Honestly, though this question might be absurdly utilitarian, what is the point of even undertaking such a venture? Why do we even need films like this? Though the artist in his self-defense may brush it off as exercising creative license, the viewer might let the question linger. The way I see it, Yuasa has done something of remarkable interest – instead of letting the narrative shape the vision, he’s allowed the vision to shape the narrative. It might sound odd considering this is an adaptation, but the differences between text and film derive largely from the latter’s concrete, unified vision in each frame. Any film adaptation, for this reason alone, will be distinct from its source. There is no chapterization and the plotlines are picked willy-nilly as the filmmaker already has a global view of the film. So, much like building wings as you fly, the film is constantly placing and intermeshing events, the vision guiding what occurs next. This is evident in how every sequence in the film is visually more exuberant than the previous. The already loose screws left in place are juddered out in the final passages as kōhai finally goes to meet senpai – and not by coincidence. The only way to verbalize what transpires in those moments is by likening it to animating every little butterfly in your stomach. This is truly an experiment that pushes story-telling bounds and possibly gives us new ways to drill into the minutiae of everyday feelings. 

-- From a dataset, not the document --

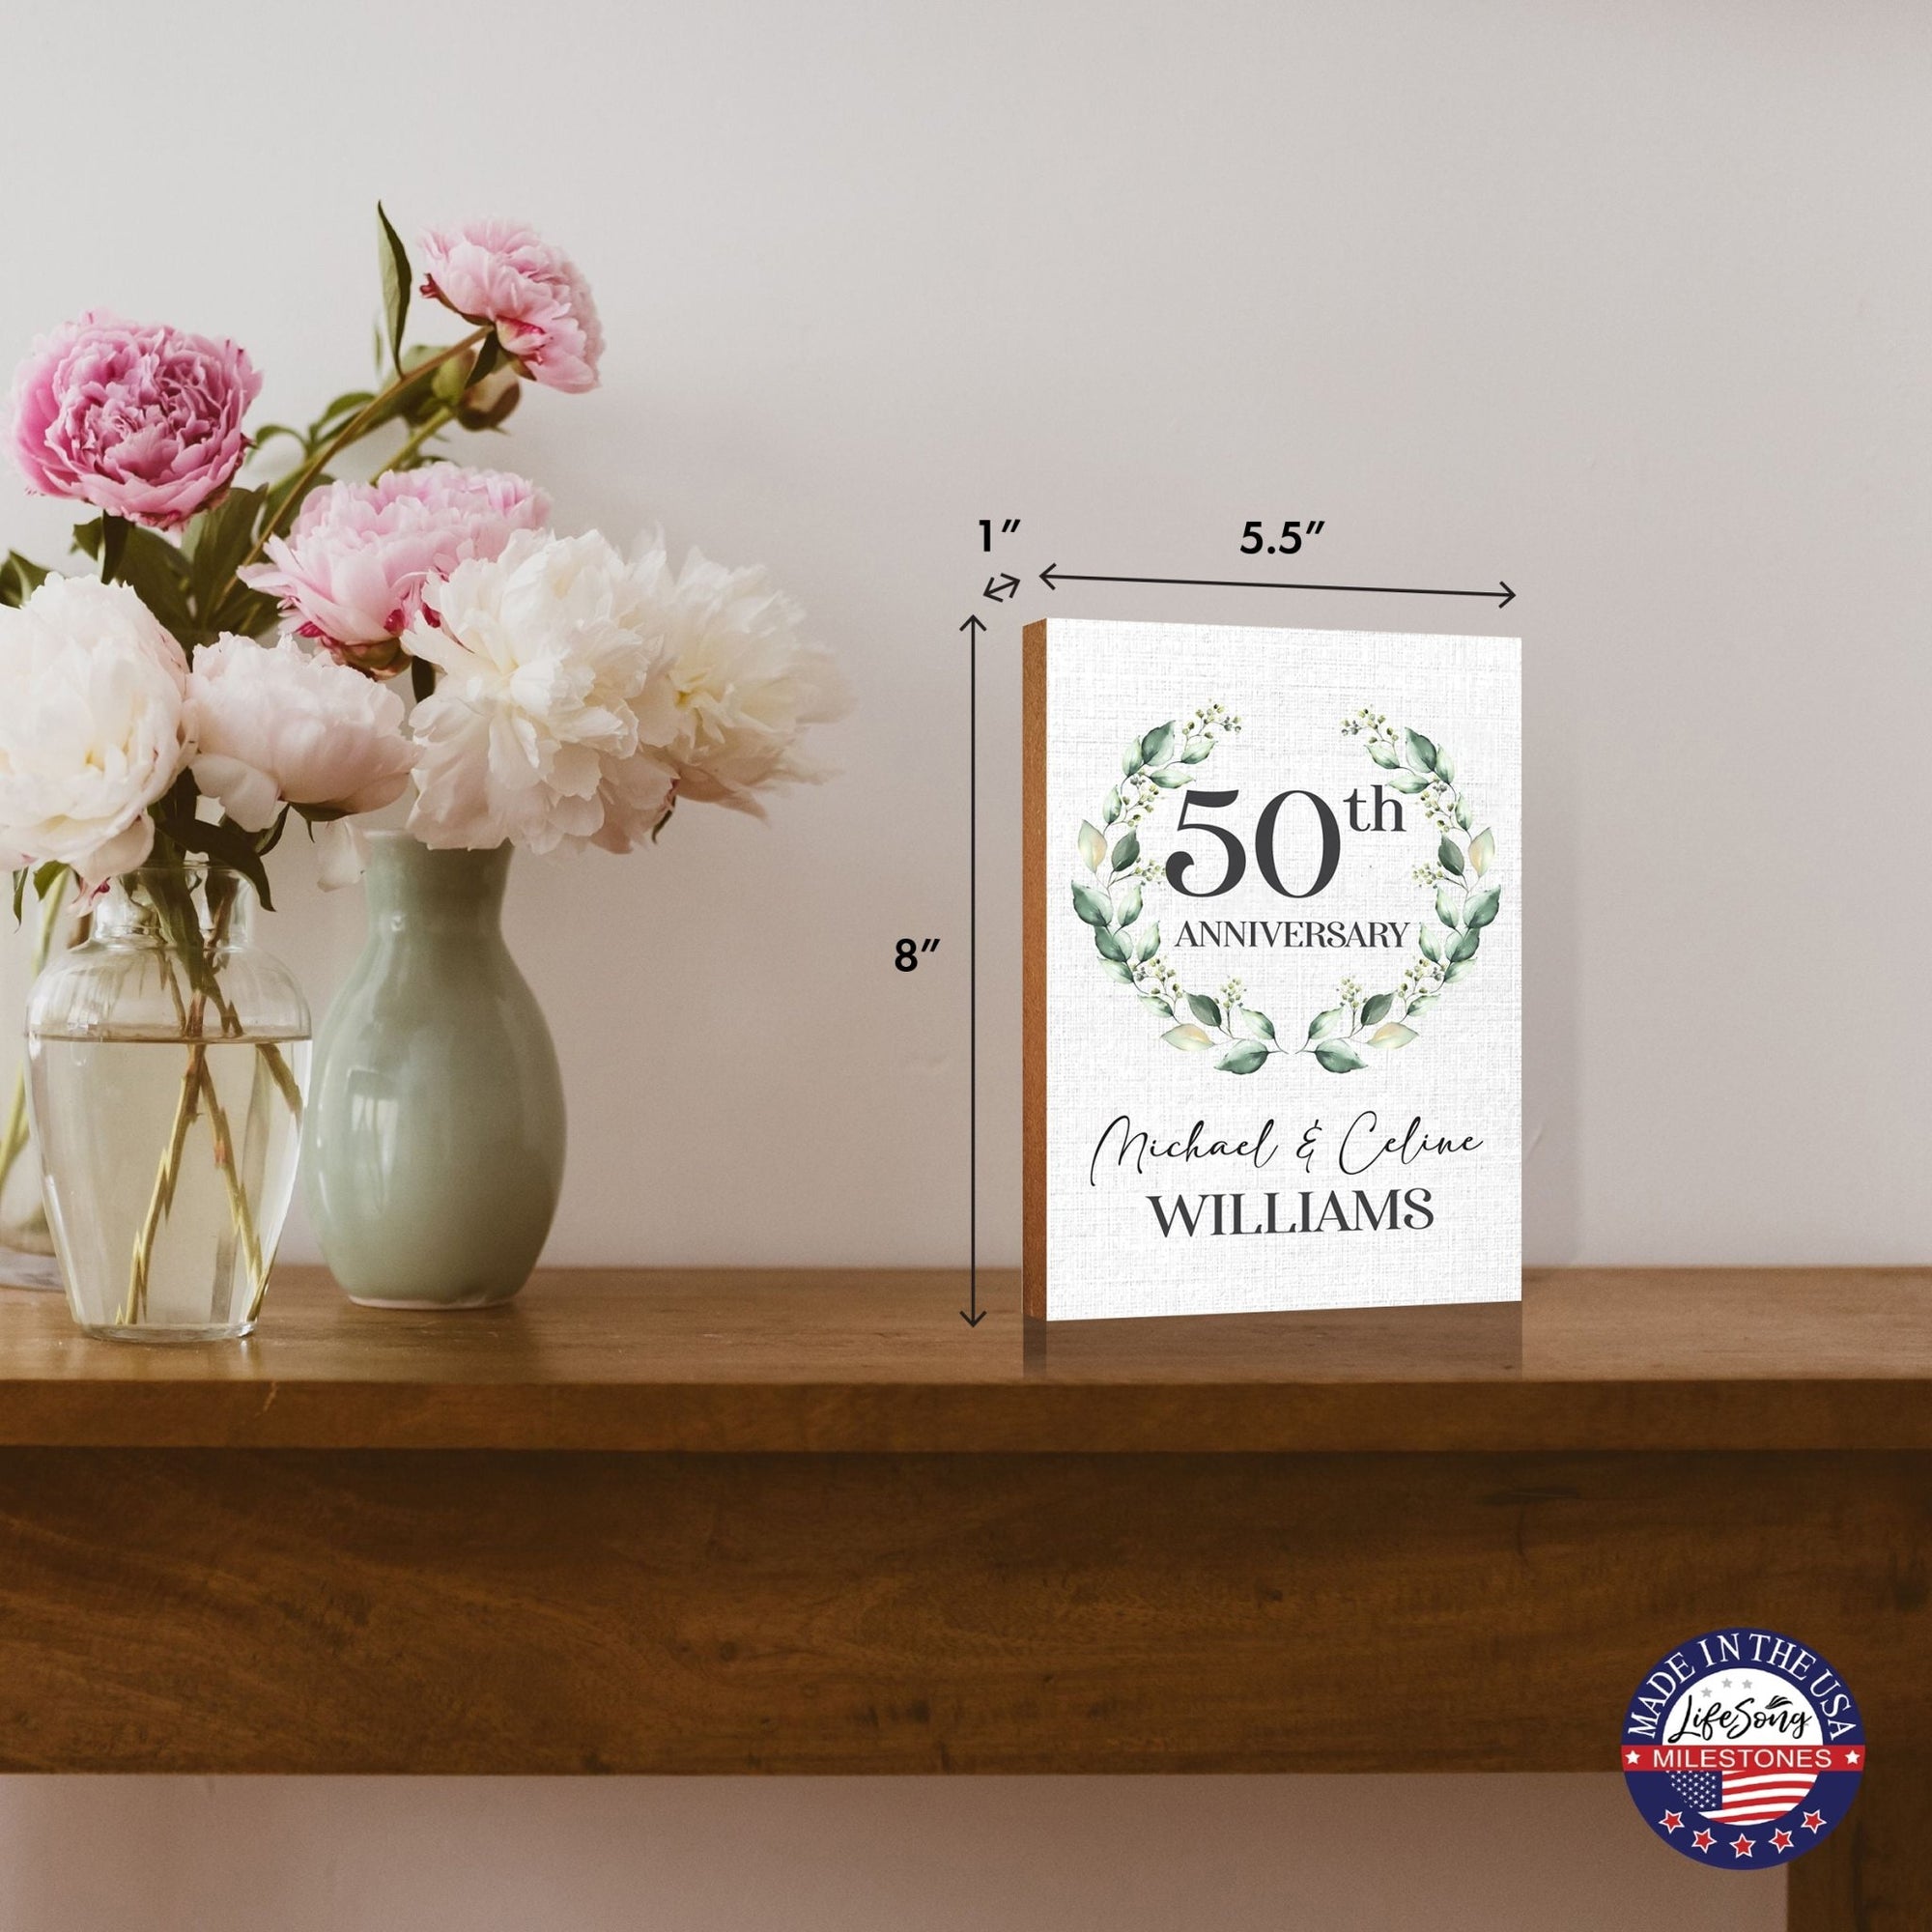 Personalized 50th Wedding Anniversary Wooden Shelf Décor and Tabletop Signs Gifts for Couples - LifeSong Milestones

Speaking of the final passage, the rapid pace that it gathers almost leaves you in a vacuum without time. Reaching fever-pitch, senpai shouts to a room of thousand self-images: “The more we analyze our own will, don’t we become incapable of moving forward?” Isn’t that what the film, without being explicit, strives to showcase? That the night is short, the crowds don’t wait, and the god of old book-markets isn’t always there to personally deliver the book that you wanted to read. Your reasoning doesn’t comfort you on your deathbed, the smaller moments whose importance evades you do. In imitating life’s haphazardness, the film oddly gains a philosophical face that it didn’t need to forcefully paint. Though I’ve hammered in this observation already, I can’t help but say it again – by not trying hard, by letting finer details dictate the narrative direction, Night is Short, Walk on Girl becomes a satisfying pleasure watch. The kind that I’d watch with a bowl of chips, a can of beer, and an old t-shirt that doesn’t mind getting stained. All while waiting for it to hit me with some lovely realizations about life.